We spend about 8 months of the year in our little rolling home. In our travels we have met all kinds of people and have seen all manors of RV’s. Some people have been loud and crazy…others keep to themselves…but most never meet strangers…kind of like us. Usually we are the youngest in the parks…but we don’t mind…we have friends of all ages.
Four years ago, while we were in Fredericksburg at Lady Bird Park, we met Jean and George. One evening while Bryan was looking at a tree in the park George hollered out at him…. “Hey, leave my pecan tree alone”. Bryan jumped because he didn’t know where that booming voice came from. And that is how we met the friendly jokester and his sweet wife. George is a retired Vice Cop, from Houston and Jean is a retired rural route Mail Woman. Every year he and some of his former co-workers get together at Lady Bird Park to reminisce…and boy do they have some stories to tell. Well one evening us two couples went out to have a beer and listen to live music at Silver Creek. We were talking and getting to know each other and Jean started talking about their girls. They had four beautiful daughters. As she is naming them and telling their ages…she said almost forty years ago they lost their second daughter to cancer when she was just two years old. She told us what that journey and heartache was like. Then she told us about her last two girls, who lived in the same town, but it was a few hours from them. Six years earlier one daughter committed suicide from being in a verbally abusive marriage, they tried numerous times to help her get out of that marriage, but her despair was to great to overcome. The last daughter got the call from the hospital about her sister. She called her parents and told them to come quickly… as she rushed to the hospital a short distance away….where she learned her sister didn’t make it. While at the hospital, waiting on her parents to arrive, she suffered a sudden aneurysm and died. So George and Jean arrived at the hospital to learn the horrific news that they had lost two daughters that day. Tears started rolling down my face as I listened to Jean tell me about their daughters…their life story. She reached across the table and squeezed my hands and said “You are such a sweet, tender-hearted young woman.” I replied “I know your sorrow…I live it too…but not times three.”
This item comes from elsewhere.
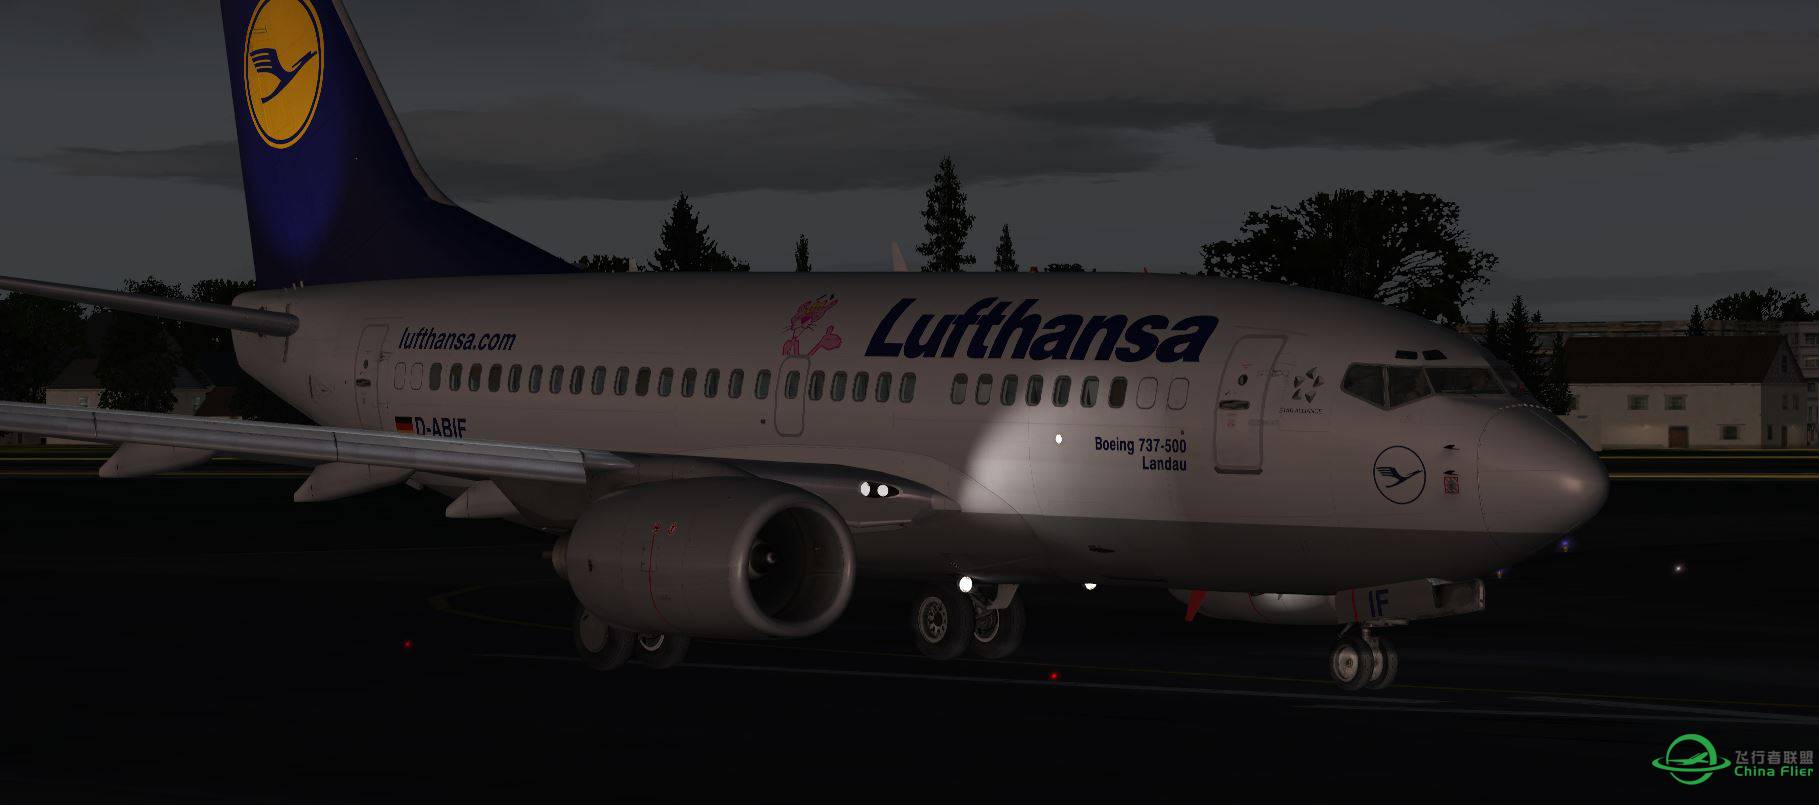 B737 Lufthansa-7414

That is… T H R E E …of their four….beautiful, young daughters…their babies…their precious children…gone. So when I am feeling overwhelmed…or heavy sorrow….I think of Jean. I think of her heartache…her pain…her suffering. If Jean has the strength and grace to continue living her life…after losing three children…I can do no less. There, but for the grace of God, go I. Please say a little prayer for Jean and George.
I know. Bless you.
Oh Dear Suzanne, what Greater Pain !!! I can’t say it lessens my Heart Ache & Pain but widens my arms to Embrace & Comfort others Hearts ” Who Know ” !!!! My heart truly grieves for this precious family & Mother, I turn for her …. My Darling Noel is My Greatest Joy & hardest goodbye.
Thank you for sharing I will lift them up in Prayer & Praise God for their Precious Daughter’s.
Love you Suzanne & Bryan and Family xo xo xo
Debbie Moss
Noel & Lauren Our Angels
Hugs my friend.
Prayers are going to all of you.
Thank you for sharing that story Suzanne. It ………… Damn!